И вышла, велев сыну сидеть как можно тише. А в коридоре, когда уже возвращалась, встретила доктора, который очень удивился, услышав о том, что Куд мается от скуки, не выходя из палаты.

— Но ведь он может выходить, — сказал он, с любопытством осматривая набранные Хельгой книги. Сказки, приключенческие истории и собрание повестей для подростков — совсем не похоже на то, что мог бы любить Куд, направо и налево бросающийся научными терминами. — Вам назначен лечебно-активирующий режим[11]. Так что он может выходить из палаты.
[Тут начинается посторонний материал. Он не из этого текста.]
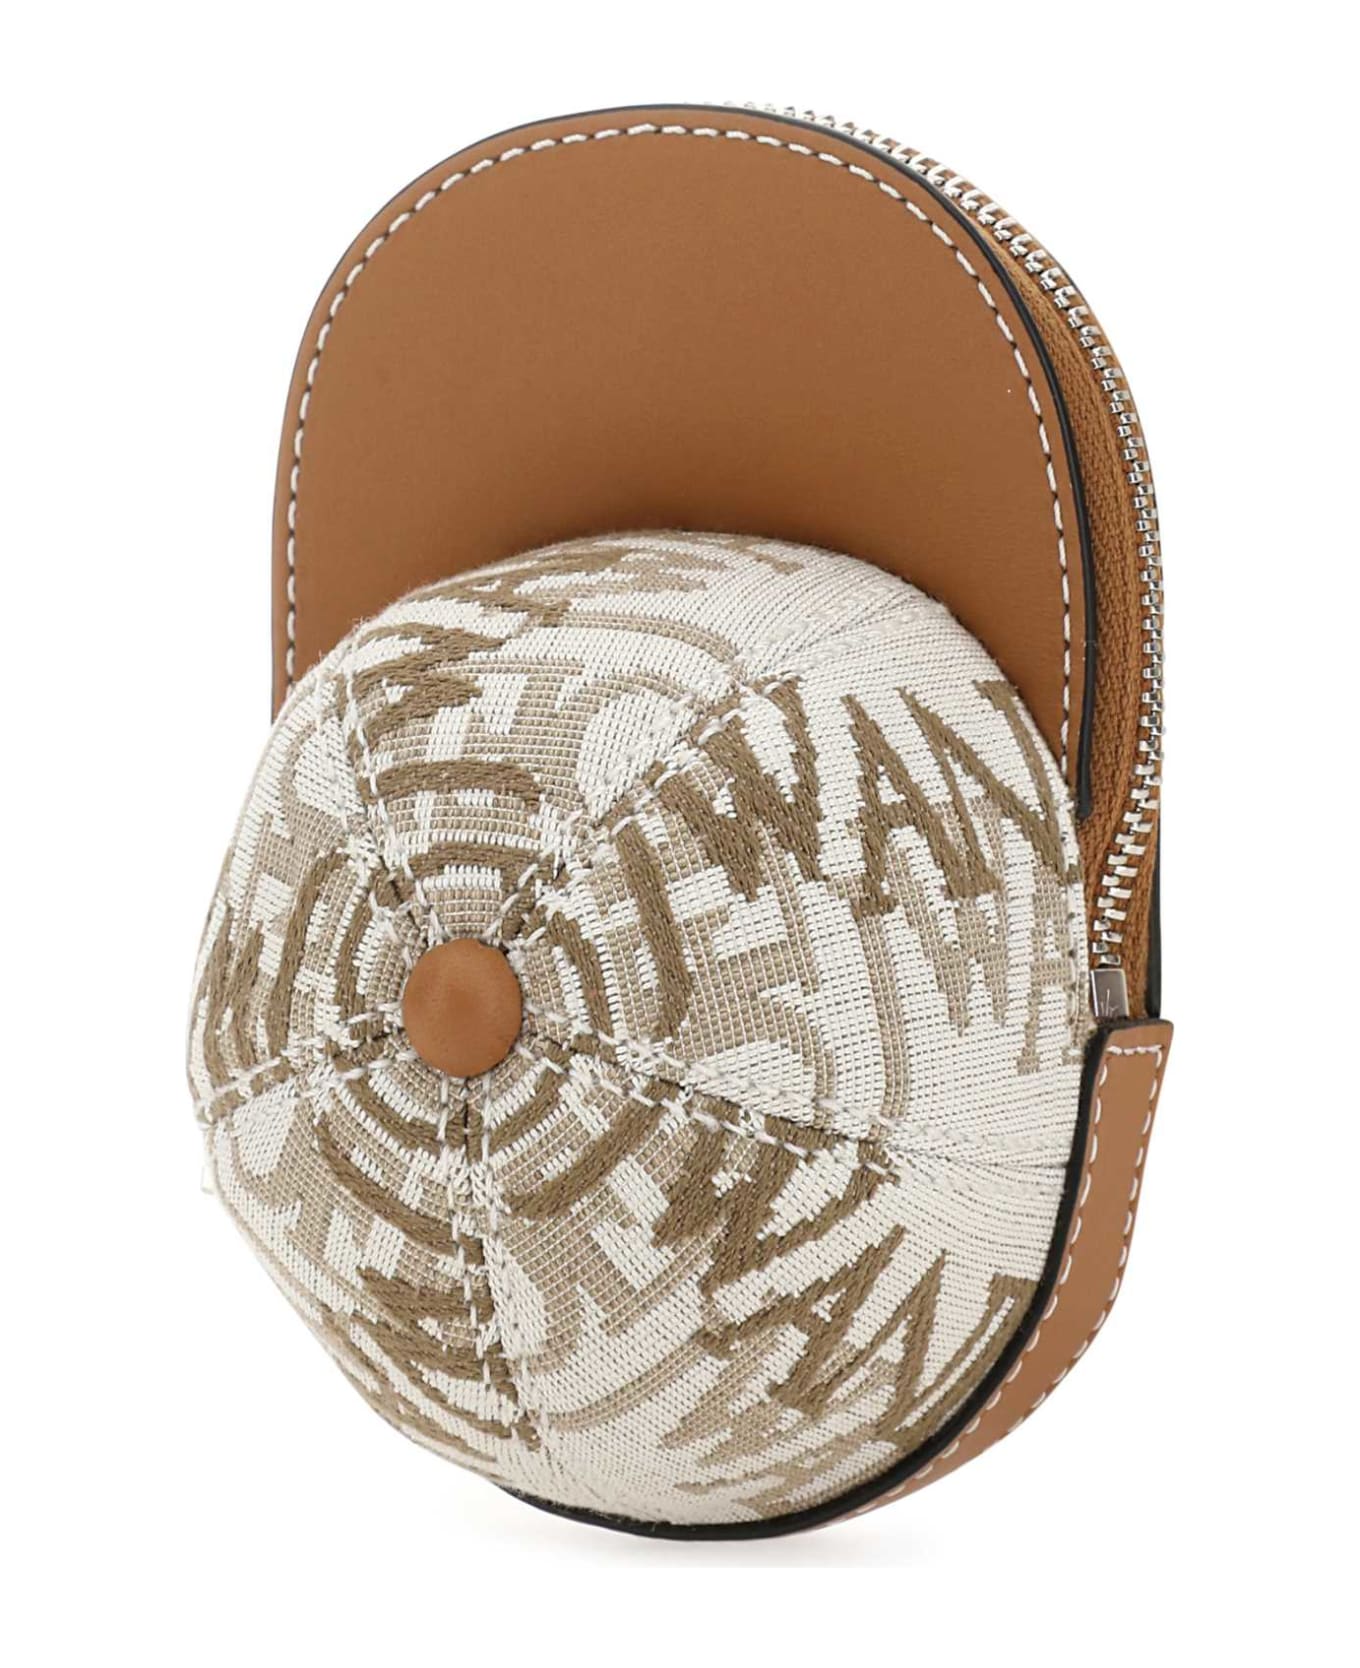 J.W. Anderson Two-tone Canvas And Leather Nano Cap Crossbody Bag - NATURALPECAN ショルダーバッグ

Главное, не за пределы отделения… Интересный набор. Не похоже на Куда. Это для той девочки, с которой он постоянно созванивается? Тогда могу посоветовать еще вот что… — и доктор снова увел Хельгу в библиотеку.

Вечером книжки, которые выбрал доктор и которые оказались мальчику не по вкусу, Куд вернул на полки уже сам, устроив маленькое шоу для пациентов. А потом трижды обошел все отделение под давлением одного мужчины, заставившего мальчишку поздороваться и представиться каждому из пациентов. Вернулся в палату Куд уже после отбоя, смертельно уставший от людей, полный впечатлений, но все равно абсолютно ошалелый от счастья.

* * *

В лаборатории Нина быстро поняла, что ее легкая жизнь, полная музыки, сна до обеда и сказок, рассказанных на ночь мягким голосом няни, закончилась. Ивэй оказалась донельзя строгой и забрала у девочки скрипку, заявив, что вернет только в случае успехов в учебе. Подъем был назначен на семь утра, а день оказался забит до отказа разными событиями.
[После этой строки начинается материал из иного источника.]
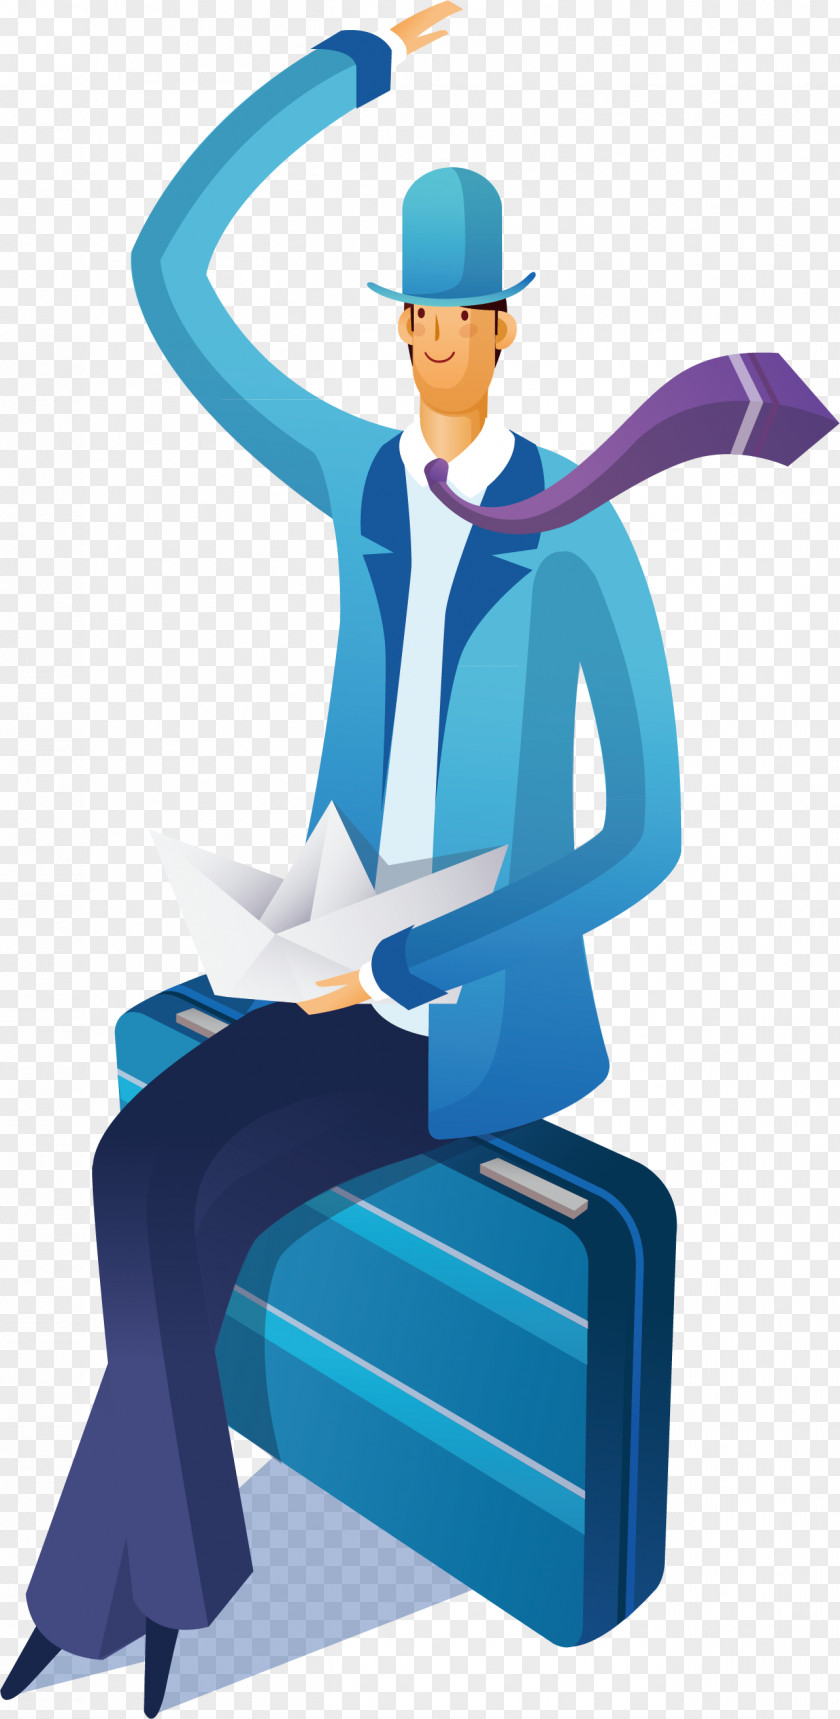 Cartoon Man Sitting On A Suitcase Waving Vector Clip Art PNG

— Добро пожаловать в наш мир! — издевательски протянул Юко, когда Ивэй нагрузила Нину стопкой тетрадей и торжественно выдала специальный грифель для письма. — Ты будешь учиться с нами? Ой, пластилин? Я тоже хочу! — Юко выхватил у Нины пачку и тут же распаковал, не обращая внимания на шипение отца и непонимающий вопль самой девочки.

— Брастра, папа говорит, что ты получишь по ушам, если будешь брать чужое без спросу, — Юго втянул голову в плечи, не озвучивая то, что на самом деле отец пообещал наказать их обоих, если Юго не сможет усмирить близнеца. — Эй, брастра…

— Да ладно, общее же!

— Ни черта подобного! — Ивэй отвесила Юко подзатыльник и, отобрав пластилин, вернула его Нине. — Тебя что, совсем манерам не учили?

Эммет только поджал губы и пригрозил детям кулаком. Юго стушевался. Юко фыркнул и задрал нос, а потом показал вслед Ивэй язык. Нина подумала о том, что ей надо бы спрятать пластилин.

Их учили только основам школьной программы. Правописание, счет, история, природоведение, труд и литература — все в минимальном объеме. В последнем Нина оказалась гораздо более успешной, чем карлики-близнецы — она даже будучи слепой читала быстрее и вдумчивей. Зато в счете Юко и Юго ее заметно обгоняли. Она с удовольствием слушала задачи, которые они решают, и вместе с ними учила таблицу умножения, которую давно успела позабыть. Мальчишки диктовали, а Нина запоминала заново. Близнецам нравилось наблюдать за тем, как пишет и читает девочка. Ее пальцы буквально танцевали по страницам специальных учебников. Юго заинтересовался азбукой Брайля. Юко решил освоить ее лишь за компанию с близнецом.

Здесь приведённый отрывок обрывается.